Micro-Architectures Need Relational, Application-Driven Monitoring
#webperf #devops Is your monitoring strategy evolving along with your application and infrastructure architectures?
As "applications" continue to morph into what we once might have called "mashups" but no longer do because, well, SOA is officially dead, dontcha know, it is increasingly important for a variety of constituents within organizations - from business stakeholders to application owners to devops - to understand the overall "health" of an application.
Traditional monitoring techniques focus on monitoring from a very infrastructure point of view. That is, the technique is really more of a pool and resource monitor than it is an application monitor. Each individual service that comprises an application are monitored individually, with no real view of how the "application" itself is performing.
Now the problem with this approach is that different applications may share the same services (especially in an API-driven model) but have very different performance and availability requirements. It may be completely acceptable for an internal application to respond more slowly than a consumer-facing application, for example.
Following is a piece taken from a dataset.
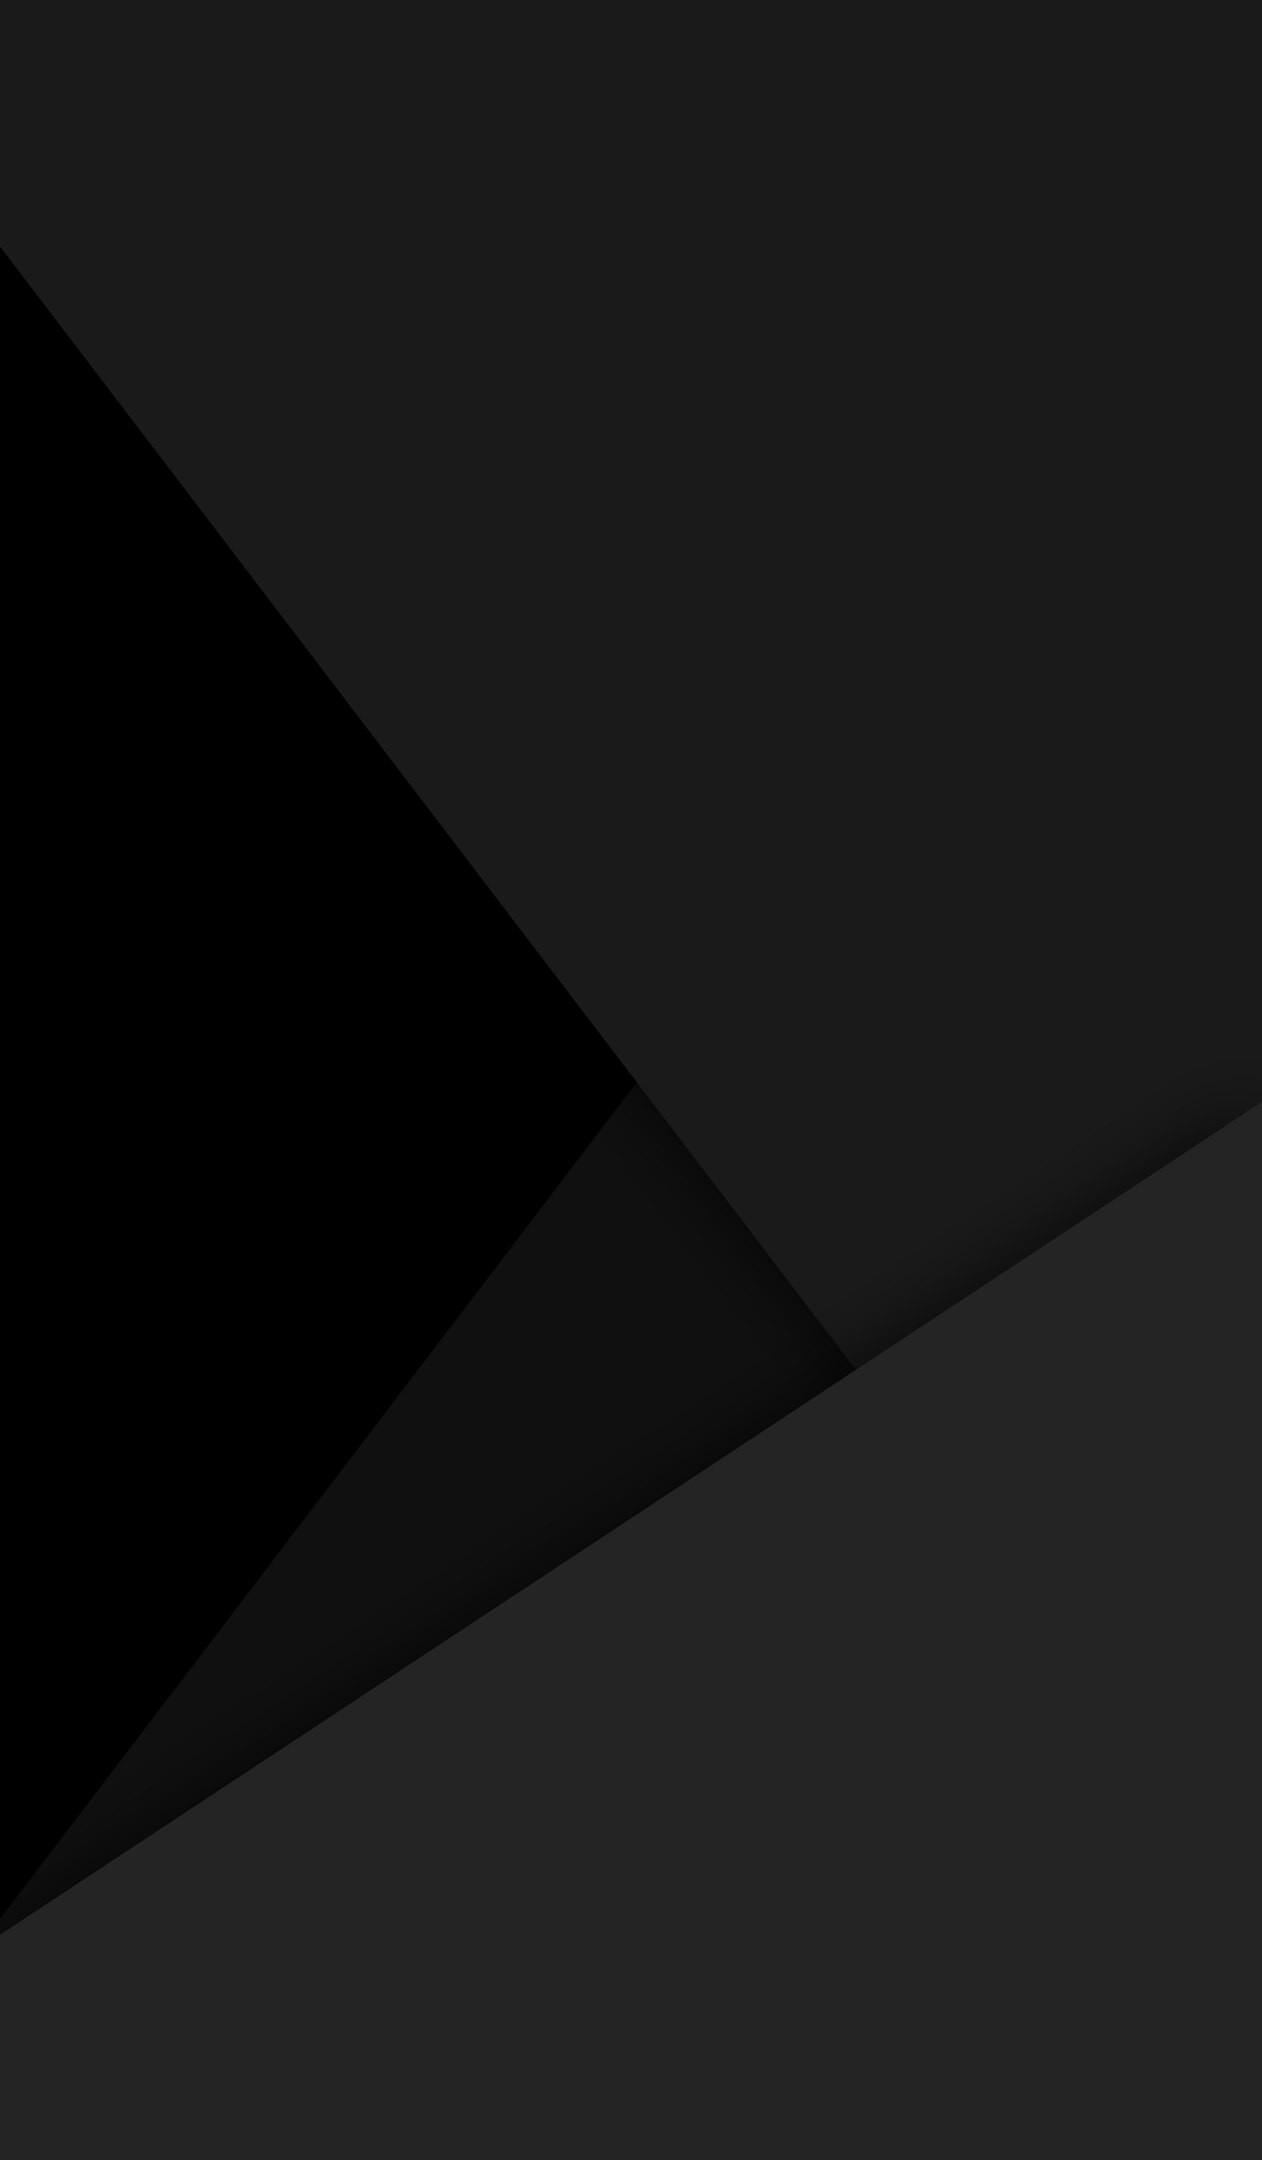 Dark Android 4k Wallpapers - Wallpaper Cave

Thus organizations are left with a view that accurately informs them as to the current health of individual services, but no real way to use them to get a picture of how the application is performing.
What we really need is to be able to not only monitor the performance and health of individual services but the concept of an application - even if that application is just a mashup of other applications or services.
Important to remember, too, is that applications aren't limited to a single protocol, like HTTP. Consider an application like Microsoft Exchange, which can be - and frequently is - accessed via multiple protocols. It may be necessary to monitor a variety of services in order to determine the actual health and availability of the application.
The key is to not just monitor individual services (that's important, but it's not the whole enchilada) but also the application as a whole. This provides the business and application stakeholders with a better view of how IT is servicing their needs and also offers IT significant value in understanding the impact of individual services on application and business services.
For example, if the same service is used for multiple applications and the service starts degrading, it should (logically) impact the health of every application. Noticing this early on enables IT to proactively deal with the situation, up to and including notifying all the application owners that there's an issue with a core service and IT is already on the case, before the call comes in. Being able to further monitor and analyze performance across time enables the identification of outliers earlier. By spotting these leading indicators of trouble, it can be possible to head off an outage or performance degradation before it occurs, leaving application and business stakeholders blissfully ignorant of what might have been a disastrous incident.
It can also be the case that sudden demand for an application negatively impacts the performance or availability of a shared service, which in turn, of course, impacts applications that use that service. By monitoring all the pieces of the application, the source of increased demand can be more easily correlated and a strategy to address it formulated.
Monitoring is a critical (and sadly often overlooked and underappreciated) function in the data center. Without it, however, modern methods of scalability (elasticity) and orchestrated responses to failure would not be possible. Because it is so critical, it's important to ensure that monitoring capabilities and your use of them is supporting modern architectures, networks and services.
Without monitoring, there's really no way to recognize and react to failures, overloads, and outages. So make sure your monitoring strategy is evolving along with your data center infrastructure and applications.